» **Supplied records**:
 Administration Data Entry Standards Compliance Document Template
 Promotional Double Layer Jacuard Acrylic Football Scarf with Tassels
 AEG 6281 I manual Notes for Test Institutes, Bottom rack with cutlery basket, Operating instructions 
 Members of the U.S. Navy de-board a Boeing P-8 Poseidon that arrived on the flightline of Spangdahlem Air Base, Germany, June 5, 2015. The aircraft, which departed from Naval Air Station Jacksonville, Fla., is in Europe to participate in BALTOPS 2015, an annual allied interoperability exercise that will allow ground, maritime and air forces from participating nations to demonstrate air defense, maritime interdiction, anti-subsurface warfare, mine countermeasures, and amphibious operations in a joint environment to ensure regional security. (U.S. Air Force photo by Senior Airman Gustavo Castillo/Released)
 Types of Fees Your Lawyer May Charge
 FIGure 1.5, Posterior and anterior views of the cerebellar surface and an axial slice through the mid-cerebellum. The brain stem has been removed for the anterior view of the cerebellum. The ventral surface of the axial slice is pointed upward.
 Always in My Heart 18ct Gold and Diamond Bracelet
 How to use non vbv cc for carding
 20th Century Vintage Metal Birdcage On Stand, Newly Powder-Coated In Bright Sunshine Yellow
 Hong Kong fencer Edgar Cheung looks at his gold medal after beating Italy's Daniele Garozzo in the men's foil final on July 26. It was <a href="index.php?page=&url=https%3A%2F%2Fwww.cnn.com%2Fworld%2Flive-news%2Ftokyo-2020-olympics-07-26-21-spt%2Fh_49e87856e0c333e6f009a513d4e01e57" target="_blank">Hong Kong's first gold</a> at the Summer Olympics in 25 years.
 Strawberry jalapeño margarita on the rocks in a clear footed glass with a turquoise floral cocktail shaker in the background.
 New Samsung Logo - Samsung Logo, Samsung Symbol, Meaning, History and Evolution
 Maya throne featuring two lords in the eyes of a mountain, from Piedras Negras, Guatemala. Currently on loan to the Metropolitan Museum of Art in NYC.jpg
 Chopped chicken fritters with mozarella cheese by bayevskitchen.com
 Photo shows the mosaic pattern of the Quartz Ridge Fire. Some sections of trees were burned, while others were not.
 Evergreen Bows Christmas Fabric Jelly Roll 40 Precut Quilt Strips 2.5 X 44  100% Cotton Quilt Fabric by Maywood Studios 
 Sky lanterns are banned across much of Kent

» **About this exercise**: Write out the lines of the records exactly, starting at the one holding "New Samsung Logo" and ending with the last line, and include no others.

» **Expected output**:
 New Samsung Logo - Samsung Logo, Samsung Symbol, Meaning, History and Evolution
 Maya throne featuring two lords in the eyes of a mountain, from Piedras Negras, Guatemala. Currently on loan to the Metropolitan Museum of Art in NYC.jpg
 Chopped chicken fritters with mozarella cheese by bayevskitchen.com
 Photo shows the mosaic pattern of the Quartz Ridge Fire. Some sections of trees were burned, while others were not.
 Evergreen Bows Christmas Fabric Jelly Roll 40 Precut Quilt Strips 2.5 X 44  100% Cotton Quilt Fabric by Maywood Studios 
 Sky lanterns are banned across much of Kent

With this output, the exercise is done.